Finkelstein investigates
his patient’s past life connections with regression, cranio-facial matching of profiles
in different lifetimes, a standard forensic procedure by the FBI to study
facial similarities to solve crimes, comparison of traits, affinities, handwritings,
memories, personal histories and life’s situations over a period of time”.
“Till 10
years ago, 20 per cent people believed in past lives. Now the number has
increased to 35 per cent across US, with nearly 50 per cent people in states
like Florida and California,” the doctor said.
Finkelstein
has developed a new technique — instant hypnosis — which does not which probe
deep into the subconscious but opens the memory bank of the patient. The light hypnosis
works positively on the body and the mind,” Finkelstein said.
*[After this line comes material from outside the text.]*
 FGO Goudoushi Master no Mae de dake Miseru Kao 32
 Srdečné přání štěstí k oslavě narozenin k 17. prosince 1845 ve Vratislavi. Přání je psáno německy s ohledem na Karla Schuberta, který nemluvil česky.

There are three
types of extra-sensory perceptions that gives access into lifetimes— clair-vision
(extra-sensory vision) , clair-audience (hearing} and clair-senses (intuition), the
doctor said.
A
combination of any two applies as a healing process to the mind. Once the mind
opens, it connects to the emotions and then to the body. Finkelstein suggests
that regression can make “cancer cells function normally by infusing positive emotions
into the wounded cells”.
Finkelstein has
another facet that is closer to his past calling as Jean Harlow’s husband — Paul
Bernes. A film company, Thunderball Films that the doctor co-partners has
signed up actress Ericka Eleniak to play Marilyn Monroe in the cinematic
adaptation of his book, “Marilyn Monroe Returns…”. He is looking for an Indian
director to direct the movie because “Indians understand past lives”.
Finkelstein has
made another movie, “Yesterday’s Children” on reincarnation and past life therapy
with Jane Seymour, which he had screened to 300 doctors at the Cedars Sinai
Hospital in LA, US. “They were amazed,” he said.
Doubts aside,
regression and past life therapy, as Finkelstein and Franich say, is a great
tool to mend broken relationships and tortured minds. It might well be the
future of psycho-therapy in a world that is fast losing touch with its roots.